WASHINGTON (Reuters) - Linguists alarmed at the inceasing extinction of many indigenous languages identified five global “hot spots” on Tuesday where the problem is worst, led by northern Australia and a region of South America.
The linguists are part of the Enduring Voices project that seeks to document and revitalize languages slipping toward oblivion, often spoken by indigenous peoples like Australia’s aborigines whose cultures were trampled by settlers.
David Harrison of Swarthmore College in Pennsylvania, the project’s co-director, said there are 6,992 recognized distinct languages worldwide. He said on average one language vanishes every two weeks, often as its last elderly speakers perish.
The project, backed by National Geographic magazine, named the region of northern Australia that includes Queensland, Northern Territory and Western Australia as the place where local languages are most threatened. The linguists said aboriginal Australia harbors some of the most endangered languages, with 153 different ones spoken in this region.
A region of central South America covering Ecuador, Colombia, Peru, Brazil and Bolivia was second on the list of “hot spots,” with indigenous languages being overcome by Spanish, Portuguese or other indigenous languages.
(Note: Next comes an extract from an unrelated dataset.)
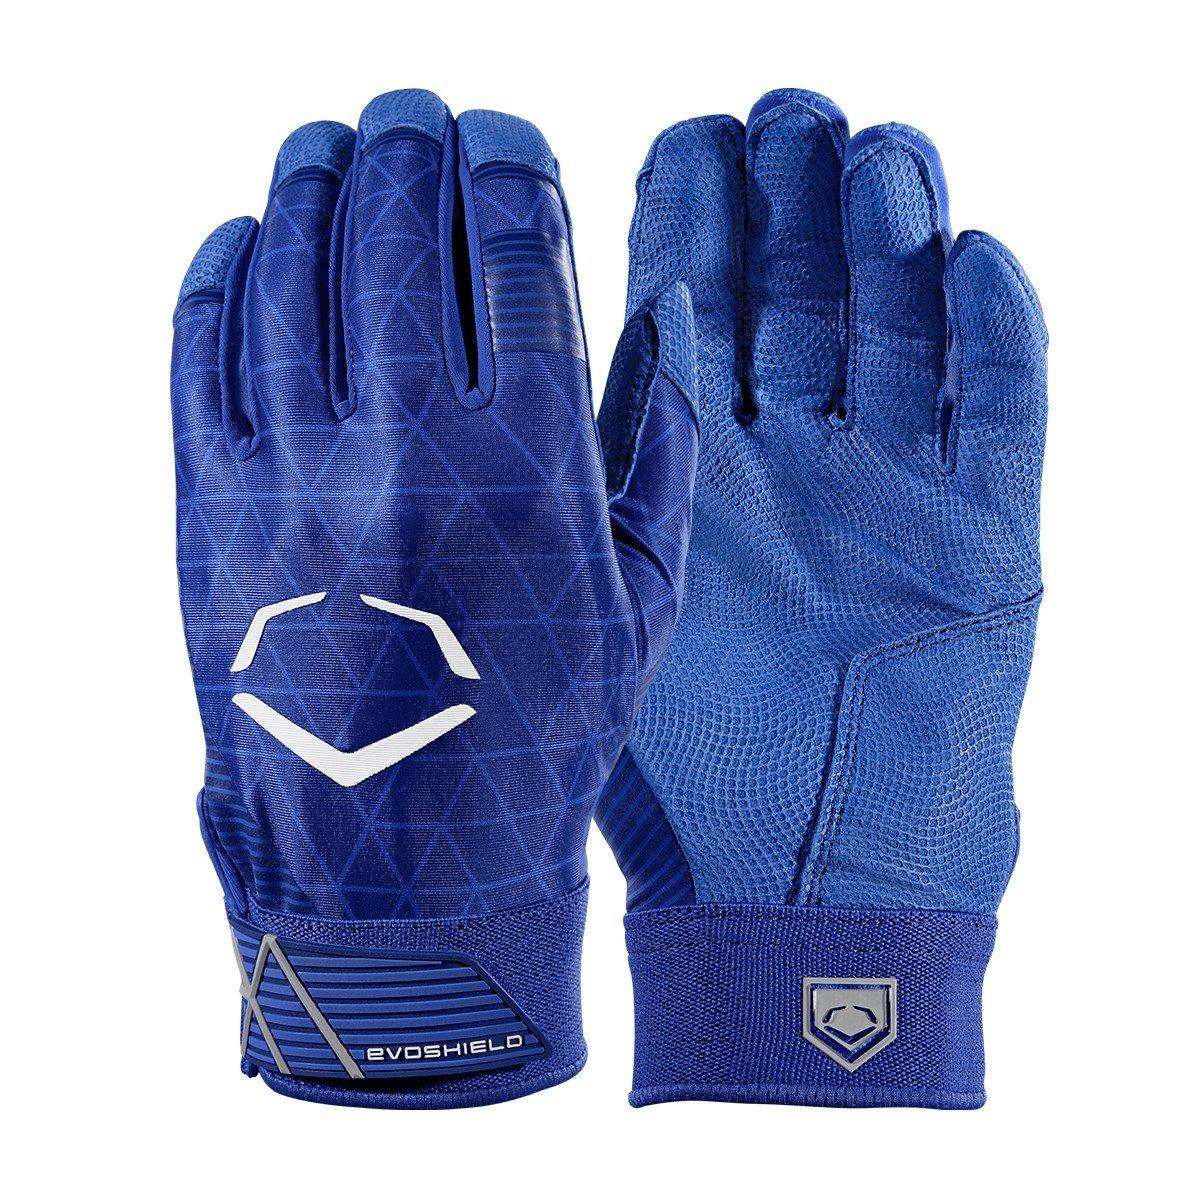 Evoshield evocharge保護用バッティング手袋 B0741J1N8S X-Large|ロイヤル|アダルト ロイヤル X-Large

The linguists said Bolivia has twice the language diversity of the nations of Europe combined, but many of the smaller tongues are being smothered by Spanish or other languages.
Placing third and fifth on the list were regions of North America where the languages of native peoples are imperiled — an area including British Columbia in Canada and the U.S. states of Washington and Oregon, and an area covering the U.S. states of Oklahoma, Texas and New Mexico. Eastern Siberia, also with endangered native languages, was the No. 4 “hot spot.”
“There are quite a few languages, dozens if not hundreds, that are down to one, two or three speakers, or maybe even they’ve lost their last fluent speakers but have a few ‘semi-speakers’ who have a passive knowledge of the language,” Harrison said in a telephone interview.
“We’re going to lose an immense storehouse of knowledge,” Harrison added, noting for example that valuable information accumulated over centuries about various living species exists in languages of native peoples.
Many languages have no written form, meaning that they are lost forever when their last speaker dies, Harrison said.
“Languages often trickle out of existence rather than sort of abruptly disappearing,” said Gregory Anderson, co-director of the Enduring Voices project and director of the nonprofit Living Tongues Institute for Endangered Languages.
Over the years, some languages have been deliberately exterminated by colonizers or aggressors taking over territory or waging genocide, the linguists said.
Children now often decide a language’s fate, Harrison said, by abandoning an ancestral tongue for another language they see as more widely used, for example, on television or in school.
The linguists with the Enduring Voices project have been traveling to interview the last speakers of certain languages.
“We’ll start with a basic 100- or 200-word list. And then we’ll go over each word with them again to make sure that we’re transcribing it correctly, and try to repeat it to them,” Anderson said.
“And usually they’ll burst out laughing at that point because we have hideously mispronounced it ... or make some word that sounds obscene to them. ... I did that in Australia, I’m afraid,” Anderson added.